Dungeon Command ist ein gutes, solides Spiel, die Regeln sind stimmig und boten in meinen Testrunden keine Gelegenheit zur Diskussion. Jede Partie hat Spaß gemacht. Die Vermeidung eines Würfelmechanismus bedeutet eine gewisse Planbarkeit, die jedoch gegen Ende des Spiels in statische Kämpfe mündet.

Anfangs besitzen die Spieler noch genügend Order cards, die einen der wesentlichsten Spielmechanismen darstellen, aber nach wenigen Runden auf ein Minimum reduziert sind. Unnütze Karten sind dann besonders schmerzlich.

Sieg oder Niederlage liegen häufig auch sehr nah beieinander, denn der Verlust von eigenen Kreaturen läßt sich ohne Order cards kaum noch vermeiden und der damit einhergehende Verlust von Moral (bei 0 hat man verloren) ist somit unausweichlich.

Die Leader powers der Commander oder die Sonderfertigkeiten der Kreaturen bieten einen gewissen Ersatz, können aber die fehlenden Einflußmöglichkeiten der Order cards nicht kompensieren. Das Spiel bleibt spaßig, besonders weil der Leadership Wert steigt und man mehr Kreaturen auf die Spielfläche holen kann, aber die spannendste Phase sind die ersten Runden, bei denen man nicht weiß, ob der Gegenspieler noch Konter auf der Hand hat, später heißt die Antwort zumeist „Nein“.

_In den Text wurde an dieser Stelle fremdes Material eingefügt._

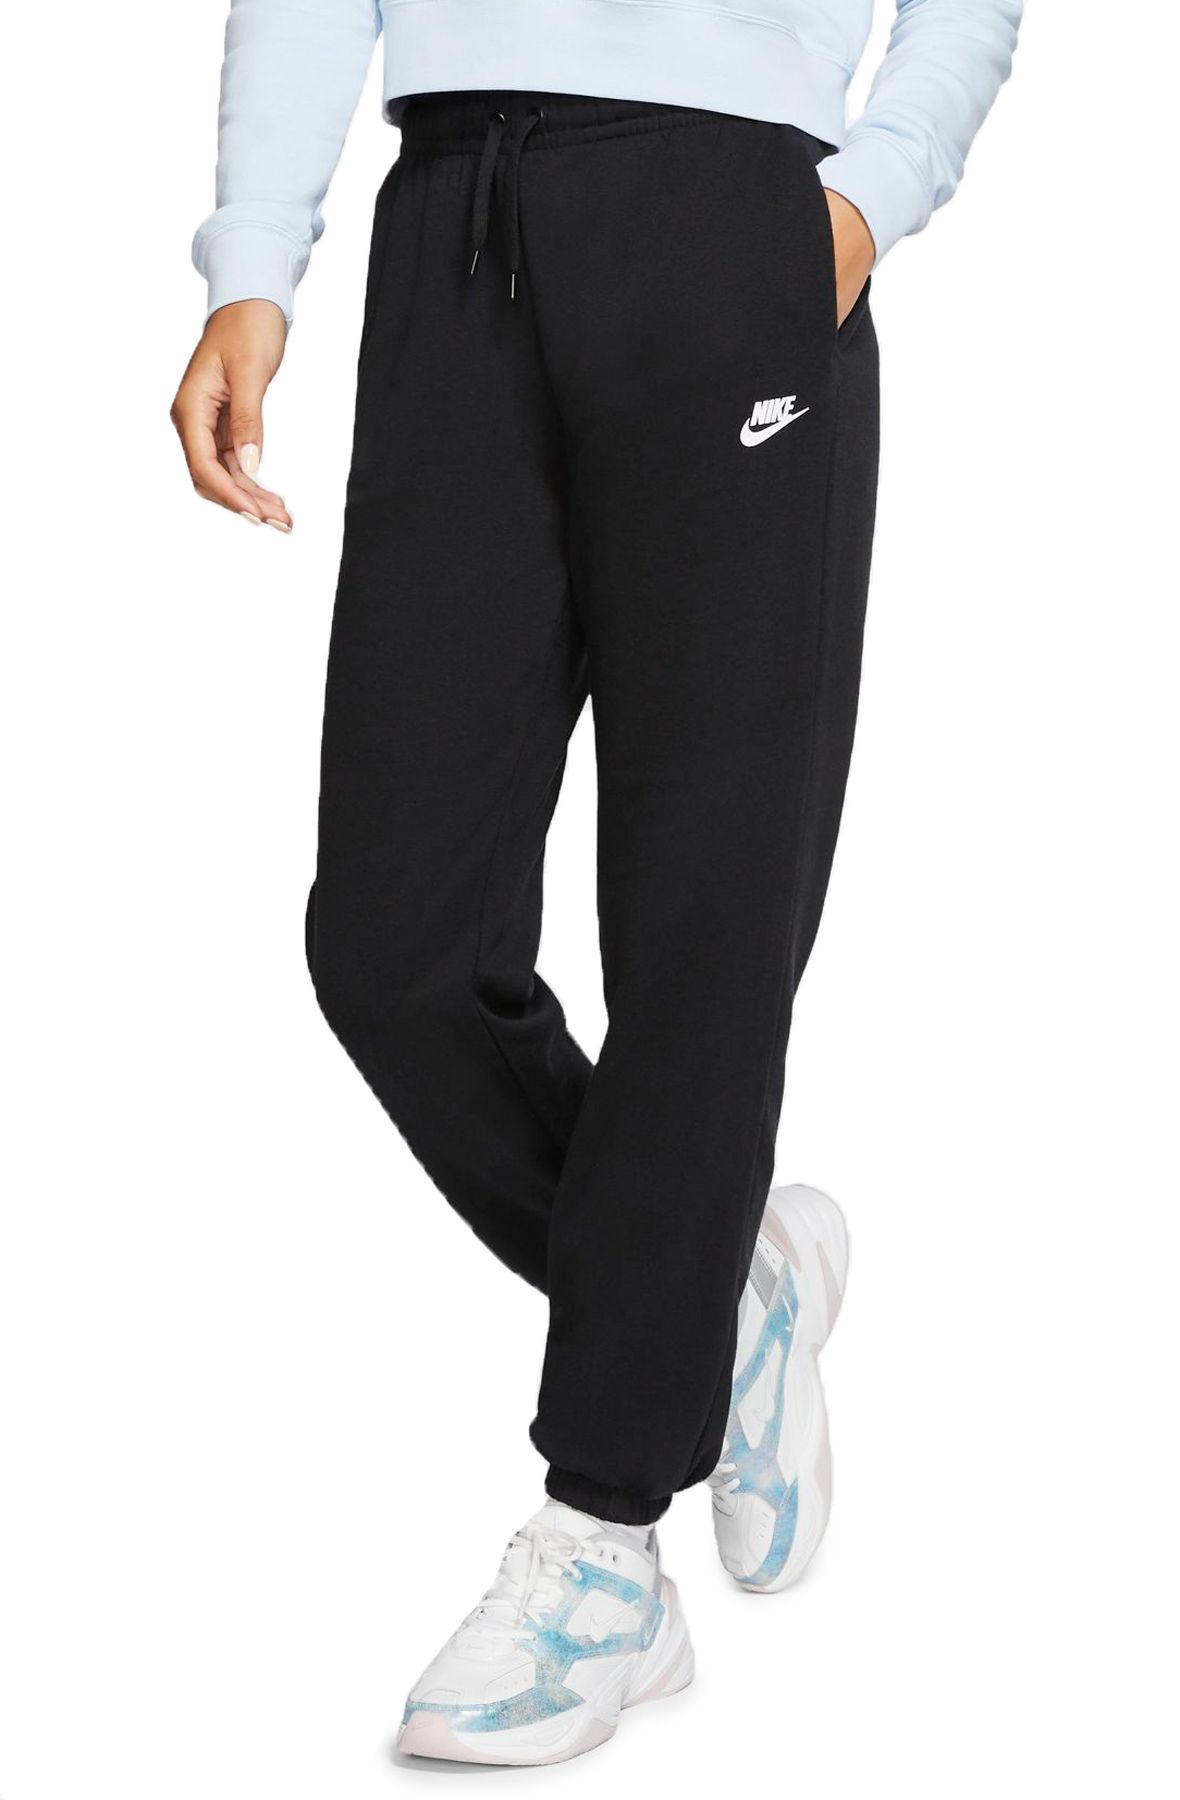  Nike Women's NSW Loose Pant Varsity, Dark Grey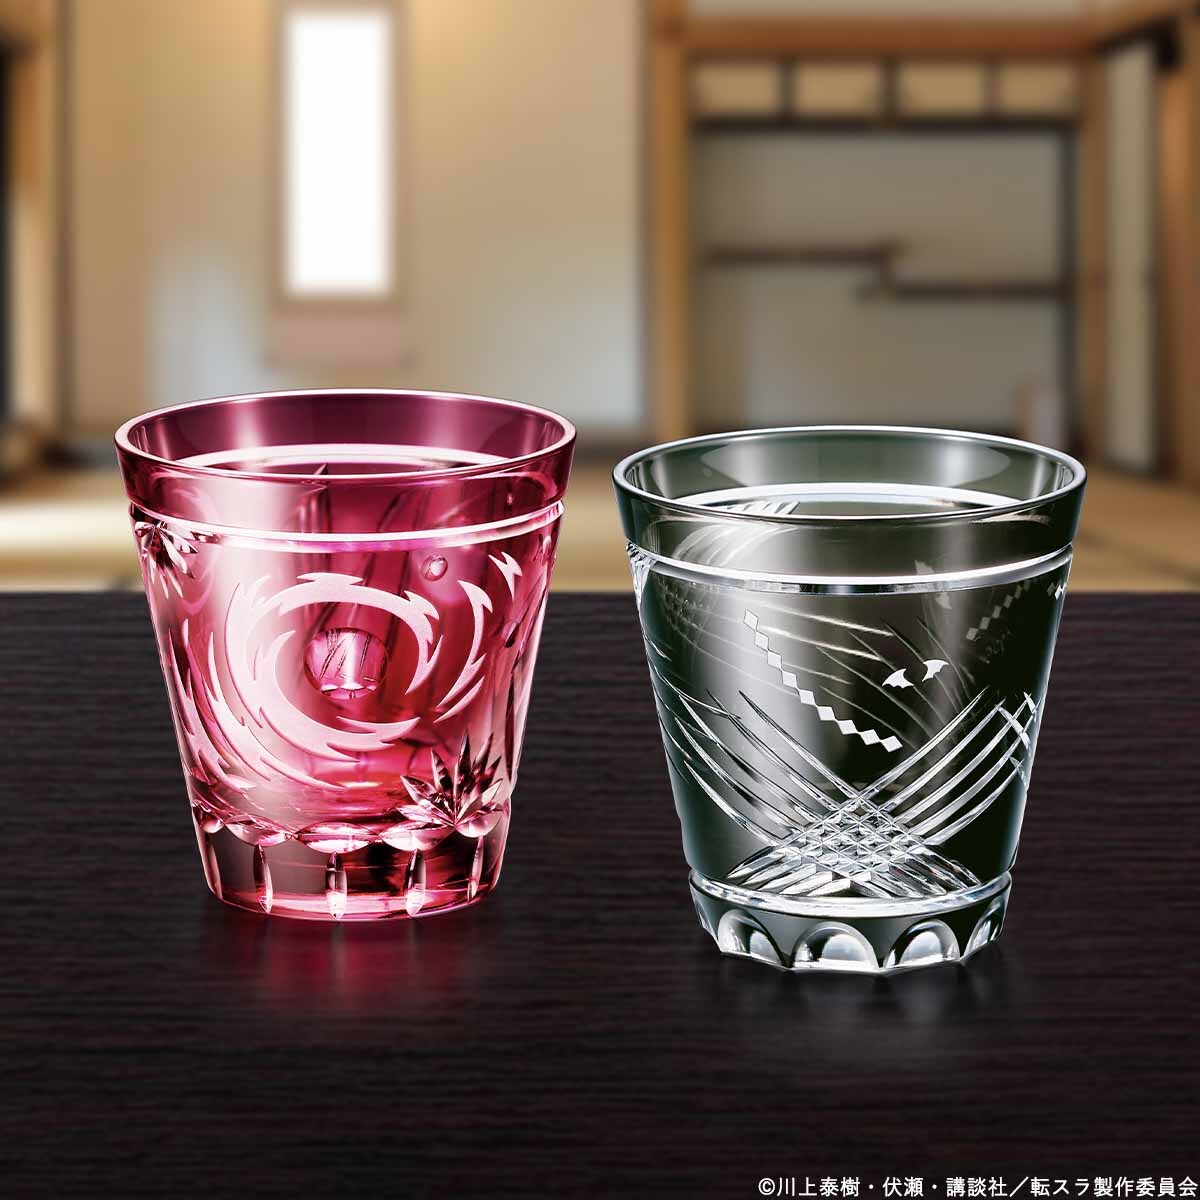 店名転生したらスライムだった件 リムル 江戸切子 グラス 限定300個 ガラス コップ 20220207 工芸ガラス

Pro Faction pack muß man je nach Anbieter zwischen 25-40 Euro investieren, wenn im Freundeskreis jeder eine unterschiedliche Schachtel besitzt, kann das einige spannende Abende bringen mit einer Spielzeit von ca. 1-1,5h pro Spiel. Etwas sauer stößt die Empfehlung von WotC auf sich pro Fraktion gleich zwei Schachteln zu kaufen, allerdings ist es auch wiederum sehr löblich, dass Dungeon Command mit Castle Ravenloft etc. kompatibel ist.

Ich bin bei meinem Fazit etwas unschlüssig, einerseits macht das Spiel Spaß, andererseits ist eine gewisse Investition erforderlich, um das Spiel in vollen Zügen genießen zu können. Man muß mindestens zwei Fraktions Schachteln zur Hand haben, um wirklich spielen zu können, je mehr aber, desto besser.